DATA FOR THE TASK Start Marker

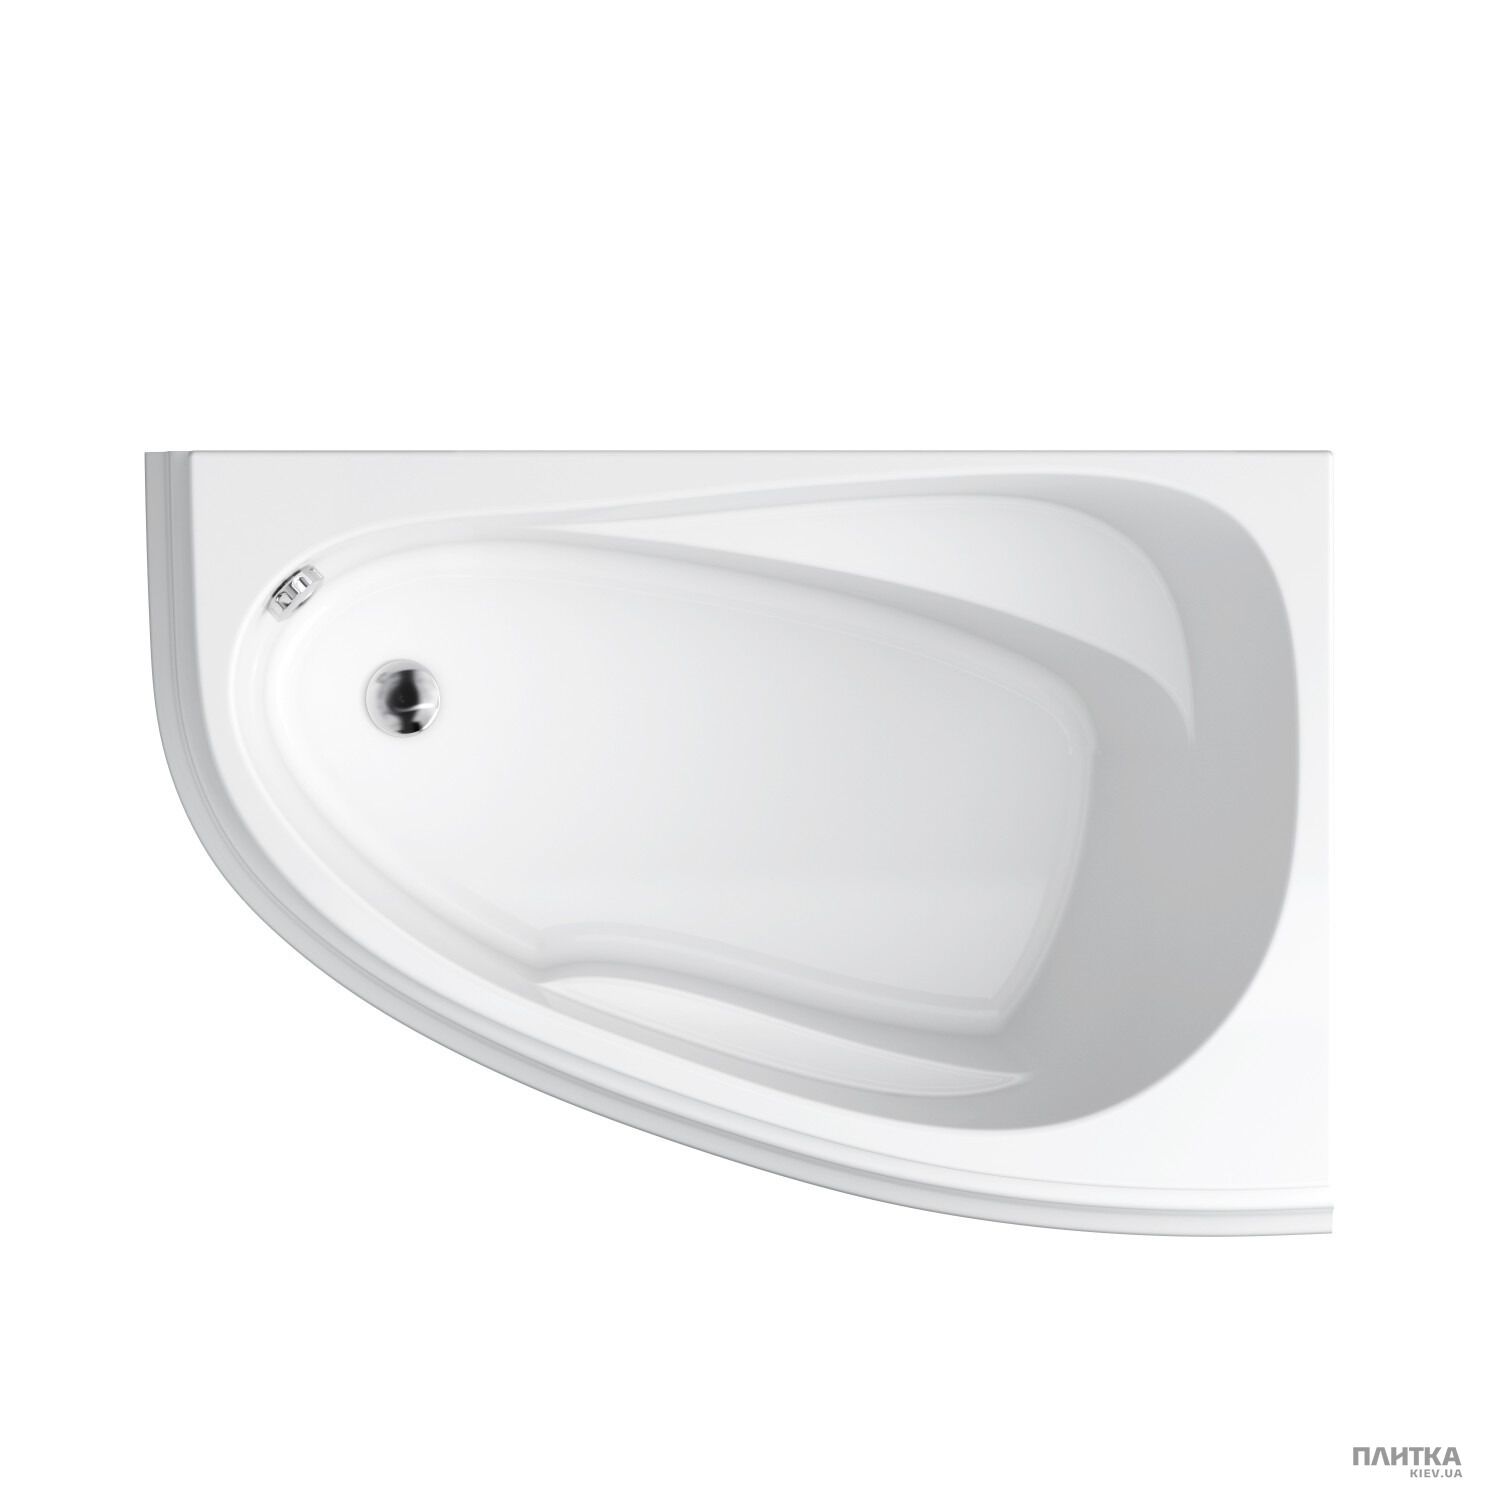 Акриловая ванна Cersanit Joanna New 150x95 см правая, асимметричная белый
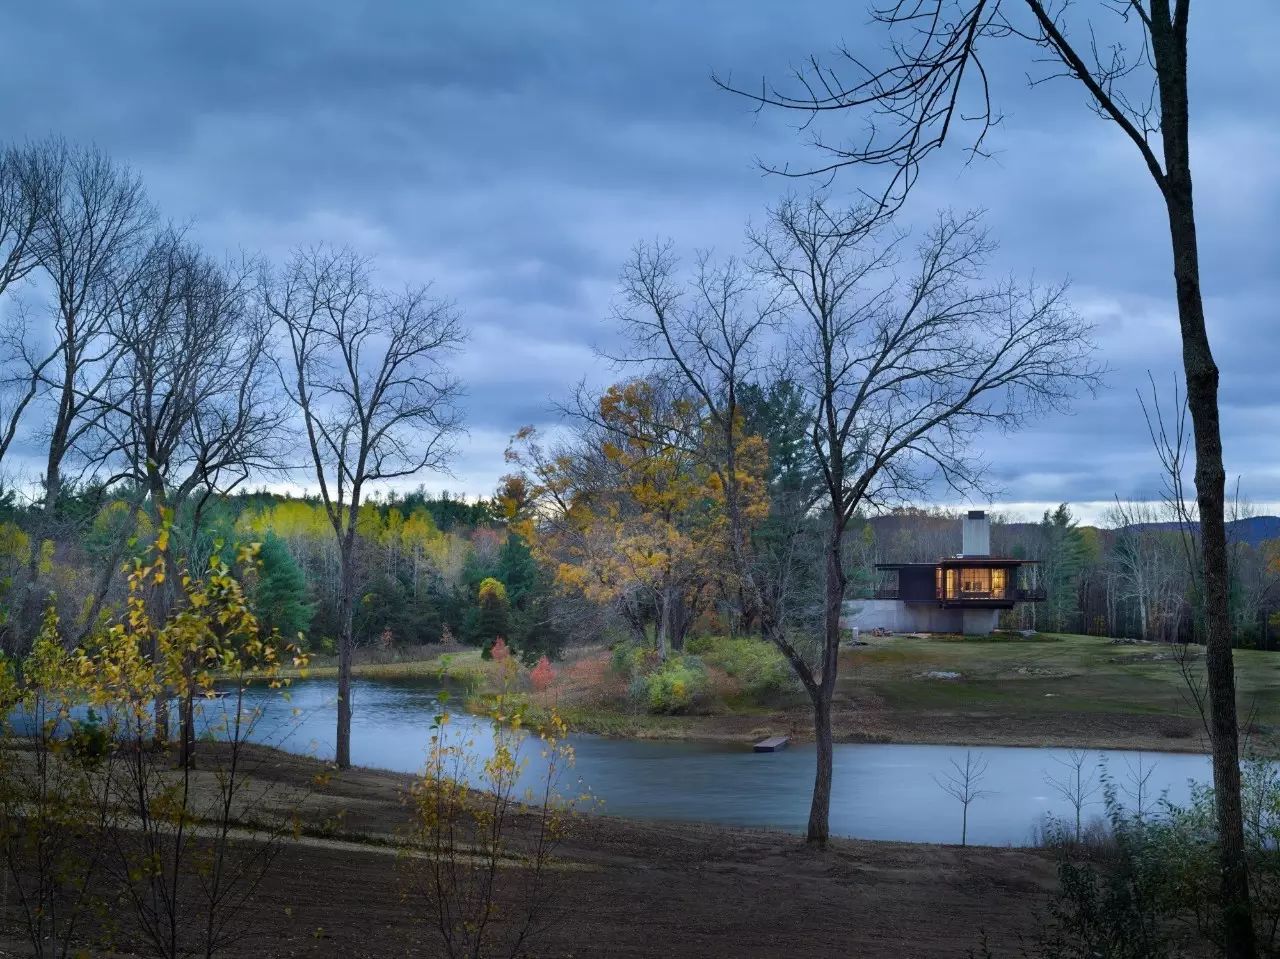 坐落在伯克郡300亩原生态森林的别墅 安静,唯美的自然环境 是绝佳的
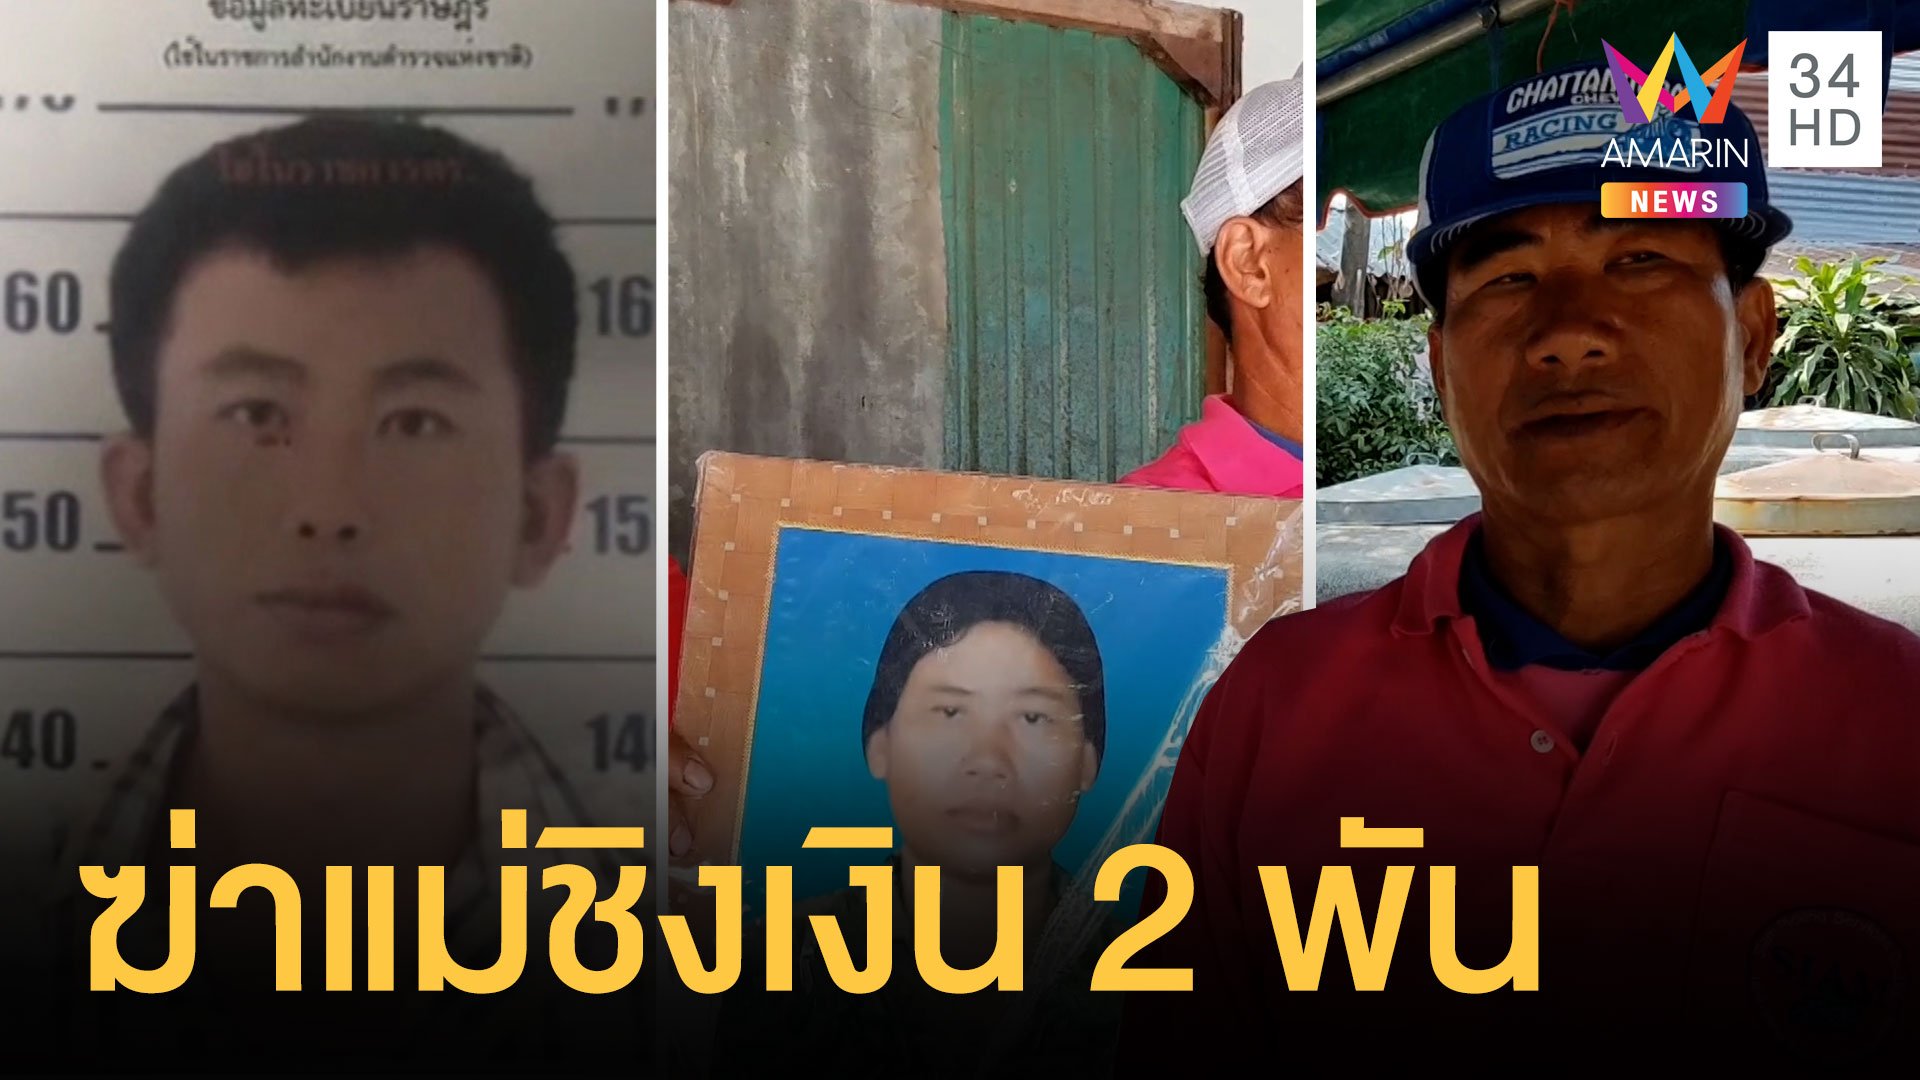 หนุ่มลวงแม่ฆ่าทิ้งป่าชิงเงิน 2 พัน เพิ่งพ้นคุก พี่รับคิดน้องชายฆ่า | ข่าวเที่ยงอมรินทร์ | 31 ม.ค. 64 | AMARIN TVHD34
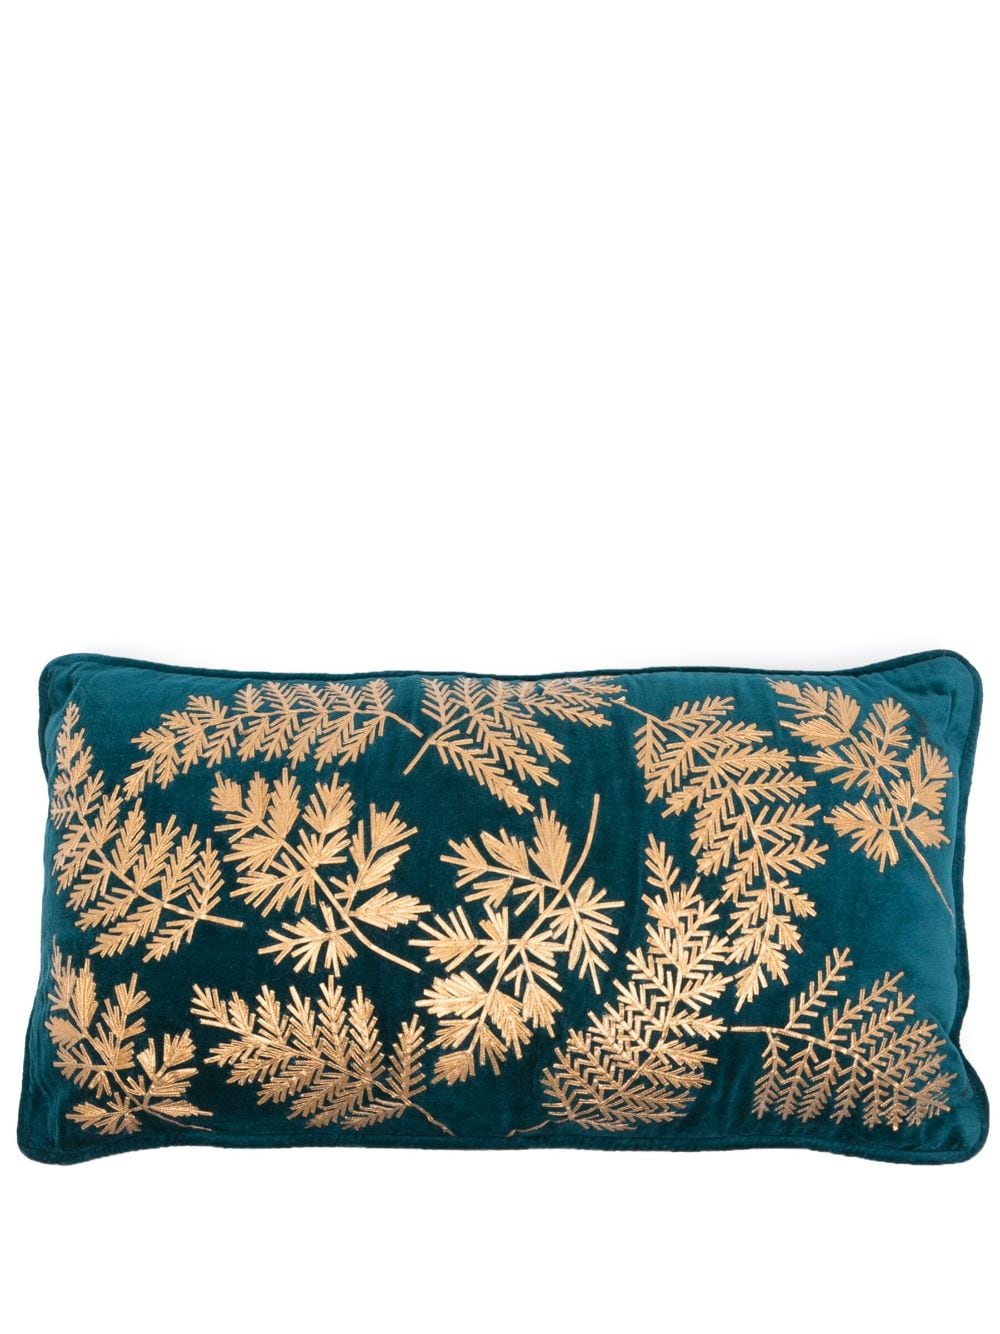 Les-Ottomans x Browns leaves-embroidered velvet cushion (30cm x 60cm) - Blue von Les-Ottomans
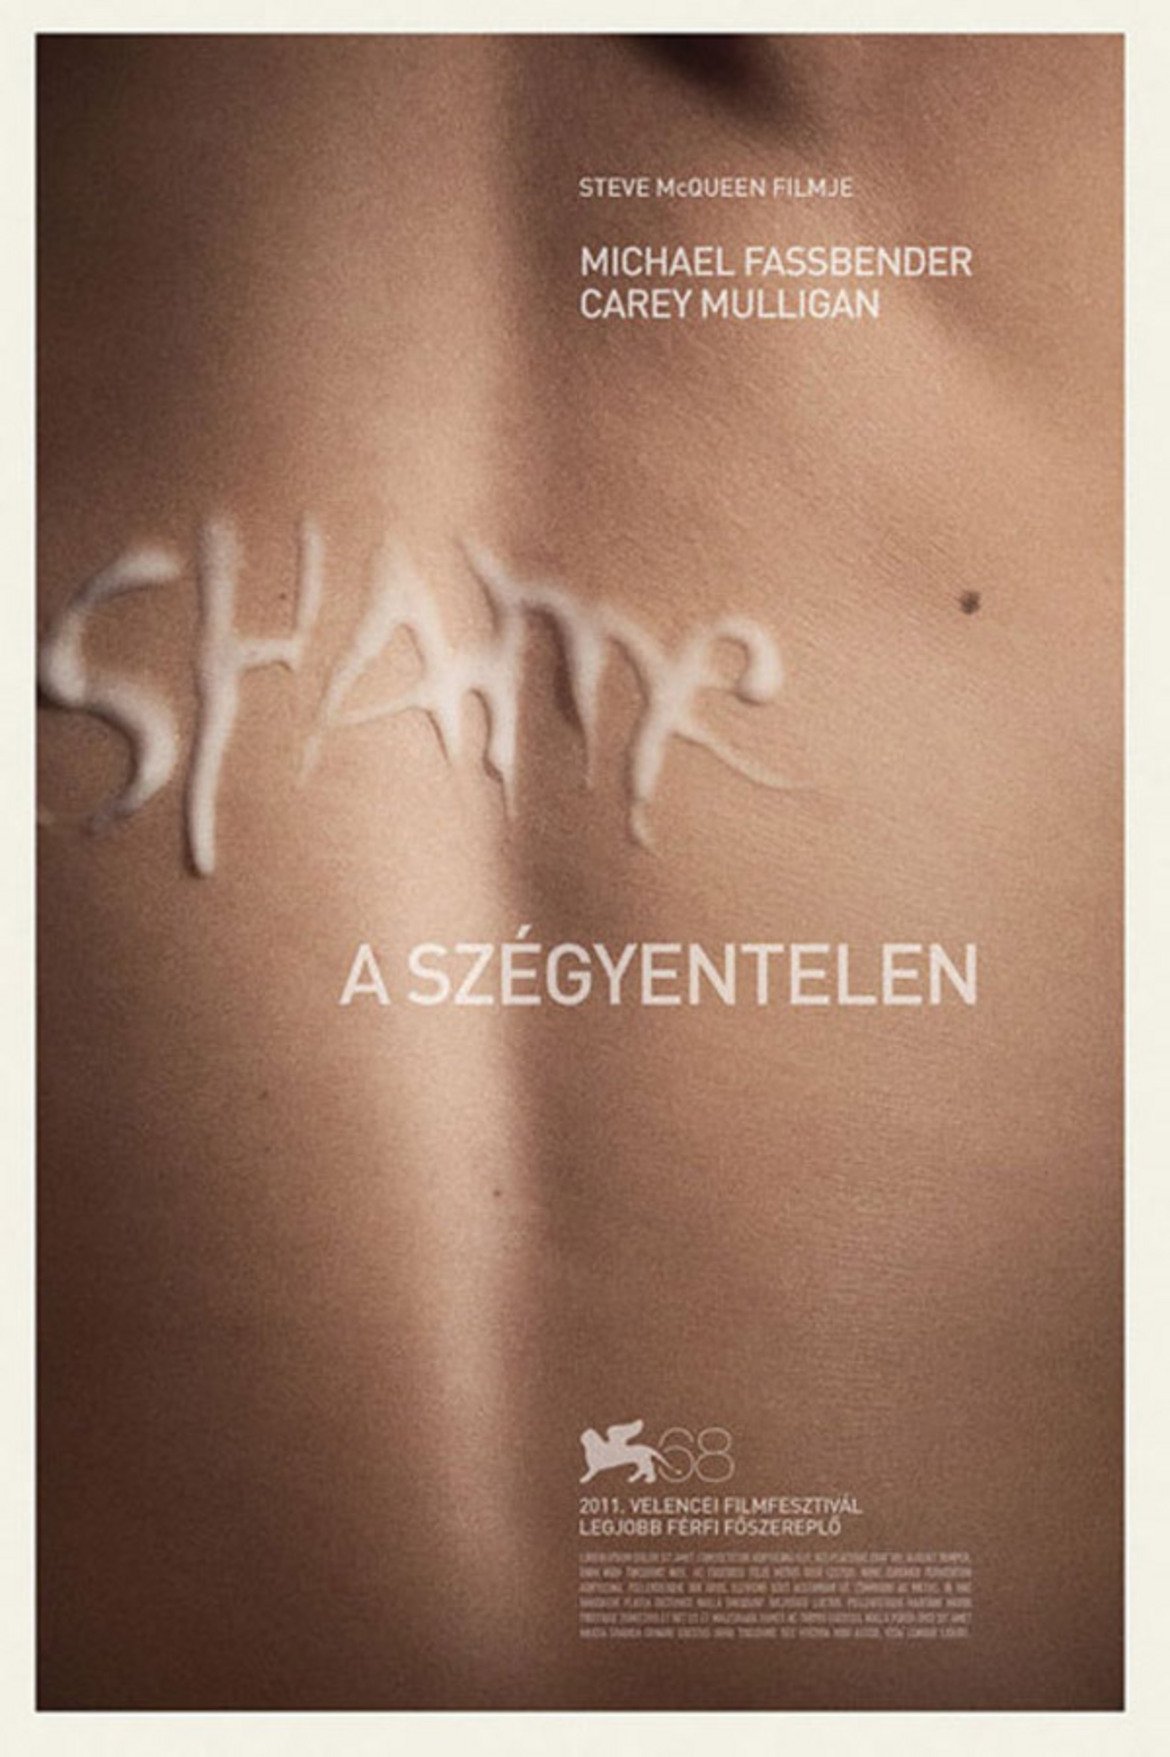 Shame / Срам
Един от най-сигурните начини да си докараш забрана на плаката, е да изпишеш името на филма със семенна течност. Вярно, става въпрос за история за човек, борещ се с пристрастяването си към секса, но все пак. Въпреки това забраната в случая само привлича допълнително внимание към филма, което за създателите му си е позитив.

DATA FOR THE TASK End Marker

Set down all records verbatim, omitting images.

ANSWER SECTION:
 Акриловая ванна Cersanit Joanna New 150x95 см правая, асимметричная белый
 坐落在伯克郡300亩原生态森林的别墅 安静,唯美的自然环境 是绝佳的
 หนุ่มลวงแม่ฆ่าทิ้งป่าชิงเงิน 2 พัน เพิ่งพ้นคุก พี่รับคิดน้องชายฆ่า | ข่าวเที่ยงอมรินทร์ | 31 ม.ค. 64 | AMARIN TVHD34
 Les-Ottomans x Browns leaves-embroidered velvet cushion (30cm x 60cm) - Blue von Les-Ottomans
 Shame / Срам
Един от най-сигурните начини да си докараш забрана на плаката, е да изпишеш името на филма със семенна течност. Вярно, става въпрос за история за човек, борещ се с пристрастяването си към секса, но все пак. Въпреки това забраната в случая само привлича допълнително внимание към филма, което за създателите му си е позитив.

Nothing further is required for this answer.